Data Intensive Abstractions for High End Biometric Applications
PIs: Douglas Thain and Patrick Flynn. This work is supported by the National Science Foundation under grant CNS-06-21434.
Biometric research requires the execution of very large data intensive batch workloads.
To evaluate new matching algorithms, researchers wish to compare thousands of images
to each other by brute force. When these sort of workloads are submitted to conventional
batch systems in the usual way, they induce massive amount ofs network and I/O traffic
that result in very poor throughput. How can we execute such large workloads effectively?

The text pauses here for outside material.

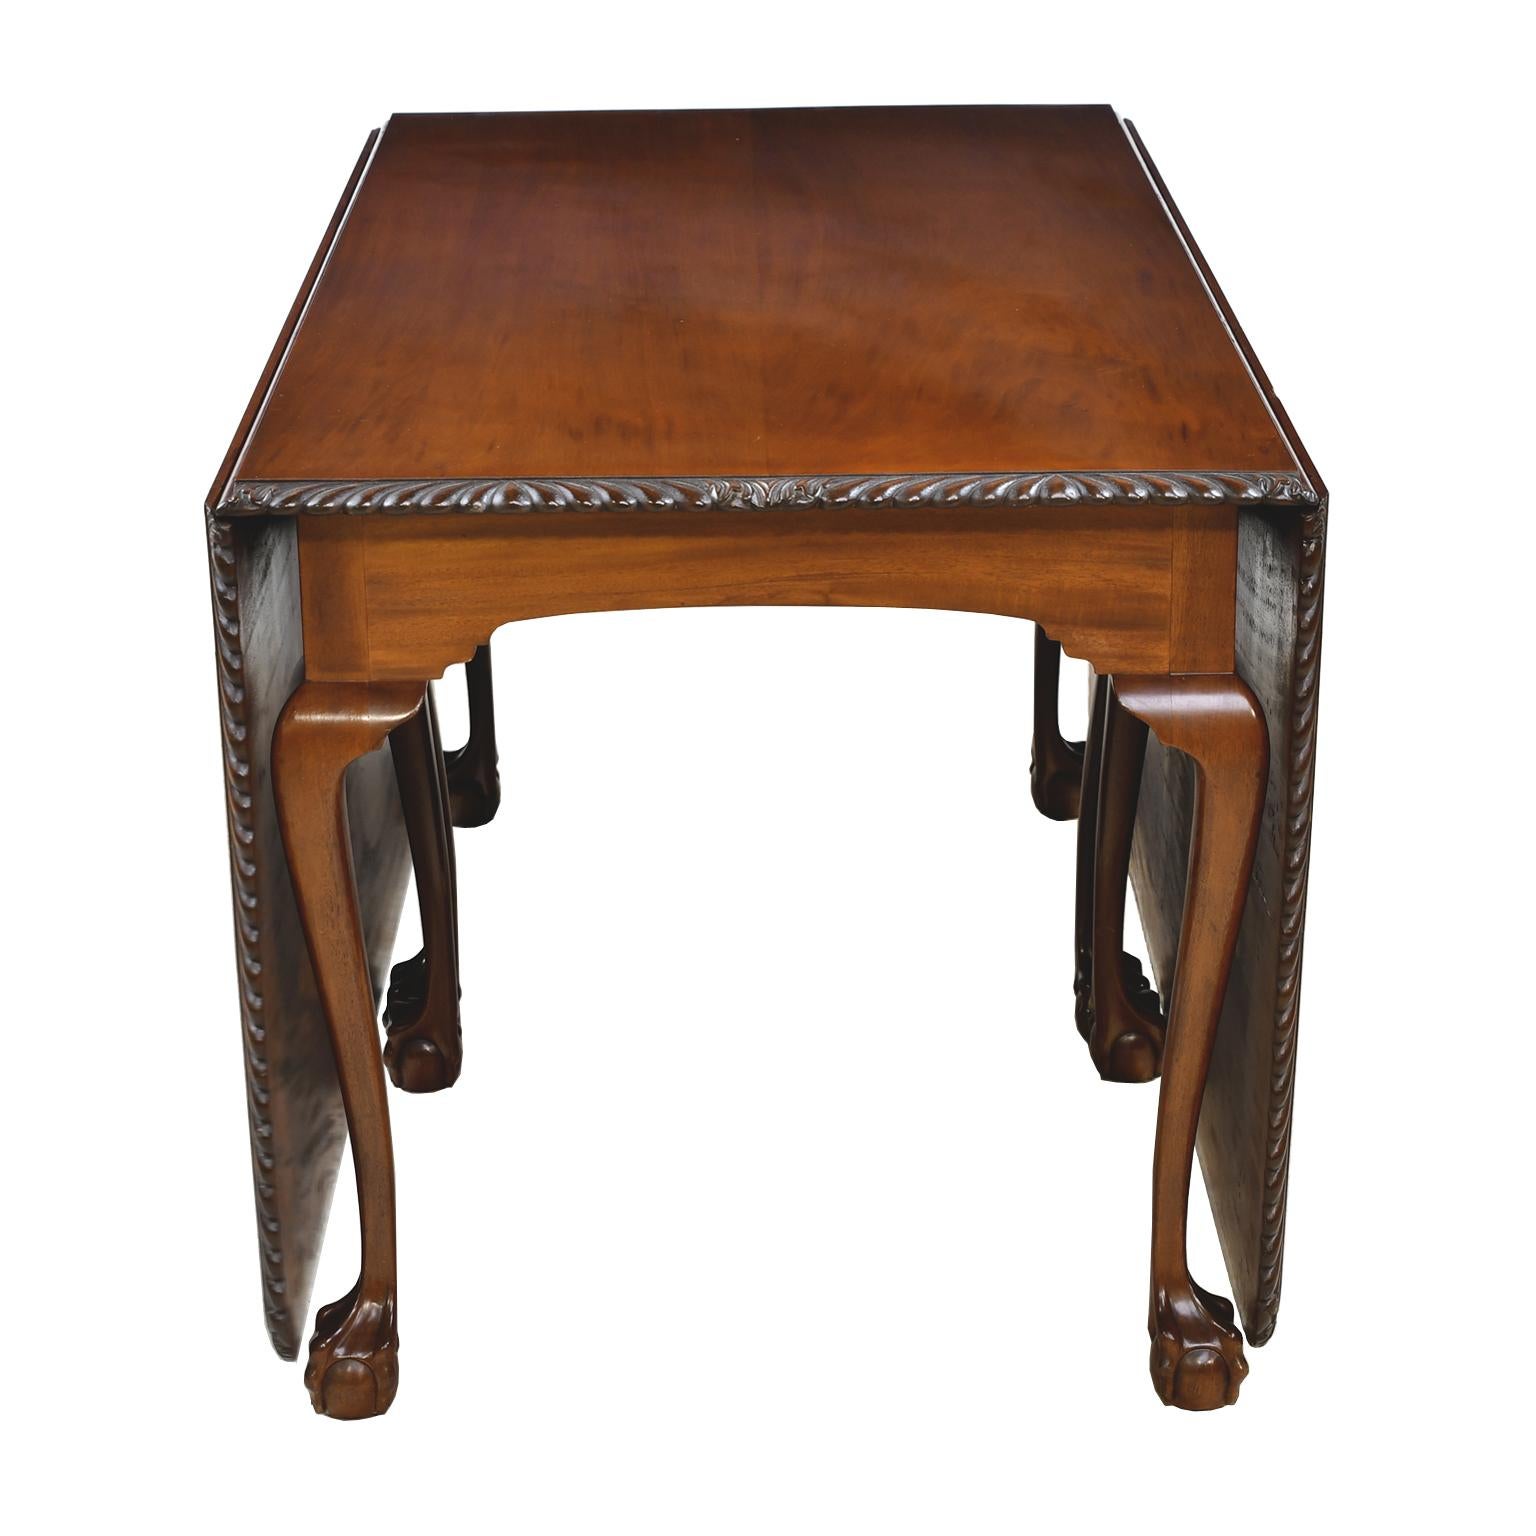 American Large Centennial Queen Anne-Style Drop-Leaf Dining Table Philadelphia circa 1880 For Sale

To attack this problem, we are introducing data intensive abstractions that
allow the user to easily provide the system with more information about the structure of a workload
so that is can partition the data and execute it effectively.
The abstraction explicitly specifies the data to be processed, the code that will process it,
and the relationship between the two. One example of an abstraction is All-Pairs:
All-Pairs( set S, function F ):|
For all Si and Sj in set S, compute: F( Si, Sj )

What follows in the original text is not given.